■ **WHAT NEEDS TO BE DONE**: For the data below, give again exactly the lines from the one containing "FREE CUSTOMS - 2014" through the one containing "ESCM 4779: Emo", both ends included, and no others.

(Collected data)
----

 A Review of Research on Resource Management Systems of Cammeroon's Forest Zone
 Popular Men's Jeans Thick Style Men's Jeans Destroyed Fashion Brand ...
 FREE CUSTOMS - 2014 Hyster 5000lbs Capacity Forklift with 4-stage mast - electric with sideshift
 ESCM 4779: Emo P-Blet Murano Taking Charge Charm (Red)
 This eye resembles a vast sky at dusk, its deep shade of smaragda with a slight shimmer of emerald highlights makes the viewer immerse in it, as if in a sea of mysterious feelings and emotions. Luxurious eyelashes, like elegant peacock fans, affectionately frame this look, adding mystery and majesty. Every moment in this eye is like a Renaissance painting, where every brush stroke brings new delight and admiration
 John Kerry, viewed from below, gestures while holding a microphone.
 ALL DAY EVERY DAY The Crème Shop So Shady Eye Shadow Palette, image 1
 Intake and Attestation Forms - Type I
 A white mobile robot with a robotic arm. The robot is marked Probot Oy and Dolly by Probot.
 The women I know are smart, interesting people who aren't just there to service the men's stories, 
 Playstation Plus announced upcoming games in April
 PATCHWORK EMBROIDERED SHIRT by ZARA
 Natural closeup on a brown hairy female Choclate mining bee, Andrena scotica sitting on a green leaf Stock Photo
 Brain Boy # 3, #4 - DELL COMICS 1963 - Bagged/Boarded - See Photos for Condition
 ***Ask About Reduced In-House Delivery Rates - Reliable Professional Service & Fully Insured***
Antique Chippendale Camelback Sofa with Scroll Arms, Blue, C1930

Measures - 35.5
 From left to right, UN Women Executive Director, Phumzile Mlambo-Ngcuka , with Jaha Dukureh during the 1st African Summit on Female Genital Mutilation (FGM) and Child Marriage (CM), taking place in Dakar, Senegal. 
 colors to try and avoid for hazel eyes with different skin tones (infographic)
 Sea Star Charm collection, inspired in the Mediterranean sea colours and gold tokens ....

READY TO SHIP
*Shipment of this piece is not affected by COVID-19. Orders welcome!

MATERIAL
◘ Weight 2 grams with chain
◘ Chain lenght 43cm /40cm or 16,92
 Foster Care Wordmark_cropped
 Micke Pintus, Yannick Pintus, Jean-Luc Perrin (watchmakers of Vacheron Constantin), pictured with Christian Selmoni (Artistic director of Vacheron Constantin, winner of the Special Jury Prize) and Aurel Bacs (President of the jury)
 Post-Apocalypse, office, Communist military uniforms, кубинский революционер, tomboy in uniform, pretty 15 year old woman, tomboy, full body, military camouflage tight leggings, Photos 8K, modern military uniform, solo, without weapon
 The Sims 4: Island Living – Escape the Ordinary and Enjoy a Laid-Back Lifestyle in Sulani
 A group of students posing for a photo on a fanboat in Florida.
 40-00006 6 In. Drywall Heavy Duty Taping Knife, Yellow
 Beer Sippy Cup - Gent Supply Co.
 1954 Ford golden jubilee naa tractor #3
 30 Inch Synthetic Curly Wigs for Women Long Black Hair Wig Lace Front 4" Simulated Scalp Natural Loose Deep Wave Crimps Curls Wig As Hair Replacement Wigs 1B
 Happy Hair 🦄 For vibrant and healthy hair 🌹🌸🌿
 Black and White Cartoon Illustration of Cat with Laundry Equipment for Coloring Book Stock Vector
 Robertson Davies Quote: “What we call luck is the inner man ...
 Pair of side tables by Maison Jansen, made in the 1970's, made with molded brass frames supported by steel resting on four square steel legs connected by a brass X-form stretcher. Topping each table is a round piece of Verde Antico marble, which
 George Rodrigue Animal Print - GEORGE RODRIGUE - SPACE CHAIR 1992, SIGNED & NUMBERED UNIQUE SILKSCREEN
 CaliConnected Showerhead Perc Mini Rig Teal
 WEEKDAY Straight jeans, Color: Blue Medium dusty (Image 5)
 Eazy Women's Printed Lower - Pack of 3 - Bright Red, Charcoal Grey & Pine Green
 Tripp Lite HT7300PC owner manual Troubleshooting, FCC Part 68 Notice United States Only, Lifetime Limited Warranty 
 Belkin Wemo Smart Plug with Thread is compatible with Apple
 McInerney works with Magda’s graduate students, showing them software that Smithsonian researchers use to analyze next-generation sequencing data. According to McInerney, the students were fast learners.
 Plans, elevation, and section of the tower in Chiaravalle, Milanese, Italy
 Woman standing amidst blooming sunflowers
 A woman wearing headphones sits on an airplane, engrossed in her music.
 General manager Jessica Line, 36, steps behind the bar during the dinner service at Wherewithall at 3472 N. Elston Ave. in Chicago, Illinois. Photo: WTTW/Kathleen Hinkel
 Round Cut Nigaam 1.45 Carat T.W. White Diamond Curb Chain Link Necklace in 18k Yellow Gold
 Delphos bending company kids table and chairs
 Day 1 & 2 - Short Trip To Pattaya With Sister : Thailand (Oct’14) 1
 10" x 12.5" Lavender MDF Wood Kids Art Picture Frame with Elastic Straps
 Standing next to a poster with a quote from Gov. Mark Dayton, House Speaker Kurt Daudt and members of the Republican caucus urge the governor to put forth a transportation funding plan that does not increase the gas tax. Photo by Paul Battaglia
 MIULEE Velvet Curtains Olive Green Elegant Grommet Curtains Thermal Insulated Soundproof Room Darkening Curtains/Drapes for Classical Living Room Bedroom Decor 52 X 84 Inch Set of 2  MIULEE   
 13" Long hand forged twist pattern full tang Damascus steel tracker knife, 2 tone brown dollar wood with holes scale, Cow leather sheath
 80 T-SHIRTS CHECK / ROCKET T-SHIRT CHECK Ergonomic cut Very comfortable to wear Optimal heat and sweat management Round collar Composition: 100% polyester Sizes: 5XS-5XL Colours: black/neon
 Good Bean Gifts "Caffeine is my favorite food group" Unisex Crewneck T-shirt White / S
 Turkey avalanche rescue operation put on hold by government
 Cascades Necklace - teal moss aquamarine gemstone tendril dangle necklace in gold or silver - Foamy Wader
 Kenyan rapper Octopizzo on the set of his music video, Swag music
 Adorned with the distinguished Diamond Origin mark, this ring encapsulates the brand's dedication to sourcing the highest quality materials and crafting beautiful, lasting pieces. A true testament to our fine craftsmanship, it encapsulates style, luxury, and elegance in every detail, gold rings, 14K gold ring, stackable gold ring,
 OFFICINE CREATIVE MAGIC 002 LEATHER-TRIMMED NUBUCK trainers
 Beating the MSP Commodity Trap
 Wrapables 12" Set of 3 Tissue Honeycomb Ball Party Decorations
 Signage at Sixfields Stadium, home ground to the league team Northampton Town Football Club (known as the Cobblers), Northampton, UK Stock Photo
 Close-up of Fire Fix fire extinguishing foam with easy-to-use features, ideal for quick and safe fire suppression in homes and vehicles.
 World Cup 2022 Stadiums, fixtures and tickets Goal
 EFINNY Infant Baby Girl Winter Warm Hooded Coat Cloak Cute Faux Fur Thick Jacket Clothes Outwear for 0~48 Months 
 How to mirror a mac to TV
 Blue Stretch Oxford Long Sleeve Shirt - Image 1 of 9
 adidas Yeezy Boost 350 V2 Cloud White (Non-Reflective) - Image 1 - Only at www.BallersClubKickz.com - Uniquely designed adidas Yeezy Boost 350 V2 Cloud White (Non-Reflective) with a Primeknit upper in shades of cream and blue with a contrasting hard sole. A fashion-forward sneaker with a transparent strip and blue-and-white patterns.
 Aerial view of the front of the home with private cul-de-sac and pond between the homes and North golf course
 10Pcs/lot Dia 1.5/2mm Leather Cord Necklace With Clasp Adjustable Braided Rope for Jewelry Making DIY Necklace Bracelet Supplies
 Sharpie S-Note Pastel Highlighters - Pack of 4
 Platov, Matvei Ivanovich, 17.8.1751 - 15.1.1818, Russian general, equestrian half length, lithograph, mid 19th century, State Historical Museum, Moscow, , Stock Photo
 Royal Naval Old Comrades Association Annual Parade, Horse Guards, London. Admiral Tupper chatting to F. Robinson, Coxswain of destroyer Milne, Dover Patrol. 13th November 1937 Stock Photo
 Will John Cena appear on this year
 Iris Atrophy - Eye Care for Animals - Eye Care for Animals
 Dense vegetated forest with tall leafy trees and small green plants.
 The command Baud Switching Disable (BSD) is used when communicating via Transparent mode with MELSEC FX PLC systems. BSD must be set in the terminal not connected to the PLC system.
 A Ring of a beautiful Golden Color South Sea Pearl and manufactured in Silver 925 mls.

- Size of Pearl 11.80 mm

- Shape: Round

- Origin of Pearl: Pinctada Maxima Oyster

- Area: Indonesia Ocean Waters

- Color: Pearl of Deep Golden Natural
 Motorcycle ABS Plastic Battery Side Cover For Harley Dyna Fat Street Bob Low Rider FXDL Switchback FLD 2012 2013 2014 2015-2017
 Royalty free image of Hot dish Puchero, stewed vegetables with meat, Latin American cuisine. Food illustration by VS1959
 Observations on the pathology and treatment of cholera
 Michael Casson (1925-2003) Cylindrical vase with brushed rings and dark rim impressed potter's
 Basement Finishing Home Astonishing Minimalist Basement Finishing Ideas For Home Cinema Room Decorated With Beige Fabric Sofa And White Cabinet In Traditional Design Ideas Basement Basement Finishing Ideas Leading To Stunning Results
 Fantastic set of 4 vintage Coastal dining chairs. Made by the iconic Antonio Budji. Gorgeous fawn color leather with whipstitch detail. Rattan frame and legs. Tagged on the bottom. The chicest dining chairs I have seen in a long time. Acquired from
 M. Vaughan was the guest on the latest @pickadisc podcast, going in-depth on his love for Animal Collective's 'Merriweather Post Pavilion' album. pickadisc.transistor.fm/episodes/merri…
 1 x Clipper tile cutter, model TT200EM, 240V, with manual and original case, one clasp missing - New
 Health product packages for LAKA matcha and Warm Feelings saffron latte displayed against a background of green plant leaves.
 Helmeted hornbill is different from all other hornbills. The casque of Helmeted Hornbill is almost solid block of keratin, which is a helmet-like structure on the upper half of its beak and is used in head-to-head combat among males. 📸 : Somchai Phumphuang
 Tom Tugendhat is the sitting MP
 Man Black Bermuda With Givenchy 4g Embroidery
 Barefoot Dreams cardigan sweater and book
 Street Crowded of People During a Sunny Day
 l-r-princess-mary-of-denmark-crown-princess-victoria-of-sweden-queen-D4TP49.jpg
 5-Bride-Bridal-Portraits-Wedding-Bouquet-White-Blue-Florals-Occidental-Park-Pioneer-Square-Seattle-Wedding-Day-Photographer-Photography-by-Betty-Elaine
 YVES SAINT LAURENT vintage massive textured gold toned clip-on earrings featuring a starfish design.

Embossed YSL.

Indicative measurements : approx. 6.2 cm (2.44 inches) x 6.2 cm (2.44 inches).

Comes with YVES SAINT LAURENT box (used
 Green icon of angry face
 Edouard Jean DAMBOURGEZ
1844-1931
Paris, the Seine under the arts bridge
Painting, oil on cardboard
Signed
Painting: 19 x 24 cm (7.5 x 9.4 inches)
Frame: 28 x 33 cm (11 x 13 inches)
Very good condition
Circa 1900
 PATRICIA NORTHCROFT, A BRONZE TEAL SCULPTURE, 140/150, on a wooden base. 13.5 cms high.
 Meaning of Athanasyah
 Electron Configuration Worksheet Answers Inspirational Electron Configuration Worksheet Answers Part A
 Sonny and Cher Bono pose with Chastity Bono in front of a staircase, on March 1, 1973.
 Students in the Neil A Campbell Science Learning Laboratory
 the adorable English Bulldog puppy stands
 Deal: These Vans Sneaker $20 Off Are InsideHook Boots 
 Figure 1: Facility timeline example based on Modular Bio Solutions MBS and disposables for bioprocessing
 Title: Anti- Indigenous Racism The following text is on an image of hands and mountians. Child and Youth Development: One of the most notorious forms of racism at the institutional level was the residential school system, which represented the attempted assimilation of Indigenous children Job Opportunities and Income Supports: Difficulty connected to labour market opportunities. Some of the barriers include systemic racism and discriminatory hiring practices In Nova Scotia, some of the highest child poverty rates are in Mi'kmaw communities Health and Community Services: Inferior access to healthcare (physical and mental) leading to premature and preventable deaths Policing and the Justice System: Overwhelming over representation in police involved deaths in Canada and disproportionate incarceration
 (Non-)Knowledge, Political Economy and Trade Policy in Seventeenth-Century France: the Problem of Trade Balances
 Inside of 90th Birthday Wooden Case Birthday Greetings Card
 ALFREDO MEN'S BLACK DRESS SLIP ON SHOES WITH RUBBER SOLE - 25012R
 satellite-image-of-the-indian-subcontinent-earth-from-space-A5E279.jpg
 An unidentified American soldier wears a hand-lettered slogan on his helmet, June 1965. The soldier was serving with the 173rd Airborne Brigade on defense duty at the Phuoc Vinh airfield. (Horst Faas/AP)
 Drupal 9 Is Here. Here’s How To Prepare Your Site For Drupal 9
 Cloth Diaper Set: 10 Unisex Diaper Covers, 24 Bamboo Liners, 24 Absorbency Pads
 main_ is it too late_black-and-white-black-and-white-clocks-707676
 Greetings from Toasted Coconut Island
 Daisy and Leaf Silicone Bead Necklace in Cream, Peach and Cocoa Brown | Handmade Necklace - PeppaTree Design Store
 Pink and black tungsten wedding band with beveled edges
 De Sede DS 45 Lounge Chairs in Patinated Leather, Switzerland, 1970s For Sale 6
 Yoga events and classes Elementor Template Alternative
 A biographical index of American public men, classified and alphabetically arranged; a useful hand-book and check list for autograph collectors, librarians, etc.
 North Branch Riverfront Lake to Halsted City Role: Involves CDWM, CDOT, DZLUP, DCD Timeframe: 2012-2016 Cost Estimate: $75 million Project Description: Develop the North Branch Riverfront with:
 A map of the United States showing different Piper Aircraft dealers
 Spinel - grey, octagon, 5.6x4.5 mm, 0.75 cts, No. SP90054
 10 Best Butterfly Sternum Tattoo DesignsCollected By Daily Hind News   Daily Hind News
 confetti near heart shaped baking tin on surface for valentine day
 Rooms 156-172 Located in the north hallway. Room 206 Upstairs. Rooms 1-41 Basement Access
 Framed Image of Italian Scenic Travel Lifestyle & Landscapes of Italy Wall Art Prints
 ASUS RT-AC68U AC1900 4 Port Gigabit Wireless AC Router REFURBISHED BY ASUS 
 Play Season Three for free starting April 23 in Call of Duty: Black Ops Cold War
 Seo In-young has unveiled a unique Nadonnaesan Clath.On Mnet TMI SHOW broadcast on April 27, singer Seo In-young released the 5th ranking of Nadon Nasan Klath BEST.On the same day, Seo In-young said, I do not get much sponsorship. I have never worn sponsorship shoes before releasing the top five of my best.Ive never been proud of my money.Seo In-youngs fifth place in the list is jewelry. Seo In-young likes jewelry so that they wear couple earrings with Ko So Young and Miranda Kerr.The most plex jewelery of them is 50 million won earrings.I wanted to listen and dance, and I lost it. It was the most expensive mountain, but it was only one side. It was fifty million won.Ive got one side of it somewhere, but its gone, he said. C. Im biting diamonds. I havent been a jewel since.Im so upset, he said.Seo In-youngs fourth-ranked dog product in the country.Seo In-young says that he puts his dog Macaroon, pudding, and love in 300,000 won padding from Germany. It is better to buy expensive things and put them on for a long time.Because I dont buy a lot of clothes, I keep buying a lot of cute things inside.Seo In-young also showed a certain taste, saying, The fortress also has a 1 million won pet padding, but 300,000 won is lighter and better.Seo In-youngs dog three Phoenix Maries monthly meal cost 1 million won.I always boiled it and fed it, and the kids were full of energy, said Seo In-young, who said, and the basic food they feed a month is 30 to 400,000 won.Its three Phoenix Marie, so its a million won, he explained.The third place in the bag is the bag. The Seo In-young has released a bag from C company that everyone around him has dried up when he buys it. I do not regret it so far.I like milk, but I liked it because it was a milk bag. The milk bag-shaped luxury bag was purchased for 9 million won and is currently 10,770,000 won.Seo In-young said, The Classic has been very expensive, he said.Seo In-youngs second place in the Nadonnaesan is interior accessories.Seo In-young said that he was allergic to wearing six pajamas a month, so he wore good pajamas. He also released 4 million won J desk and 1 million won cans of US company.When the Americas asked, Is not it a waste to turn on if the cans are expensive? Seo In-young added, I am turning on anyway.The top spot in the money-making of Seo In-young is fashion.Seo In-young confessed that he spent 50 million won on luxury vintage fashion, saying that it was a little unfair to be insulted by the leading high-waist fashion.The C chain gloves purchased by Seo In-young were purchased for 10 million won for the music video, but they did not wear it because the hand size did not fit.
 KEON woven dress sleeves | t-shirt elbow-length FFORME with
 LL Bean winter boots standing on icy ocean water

----

■ **YOUR SOLUTION**:
 FREE CUSTOMS - 2014 Hyster 5000lbs Capacity Forklift with 4-stage mast - electric with sideshift
 ESCM 4779: Emo P-Blet Murano Taking Charge Charm (Red)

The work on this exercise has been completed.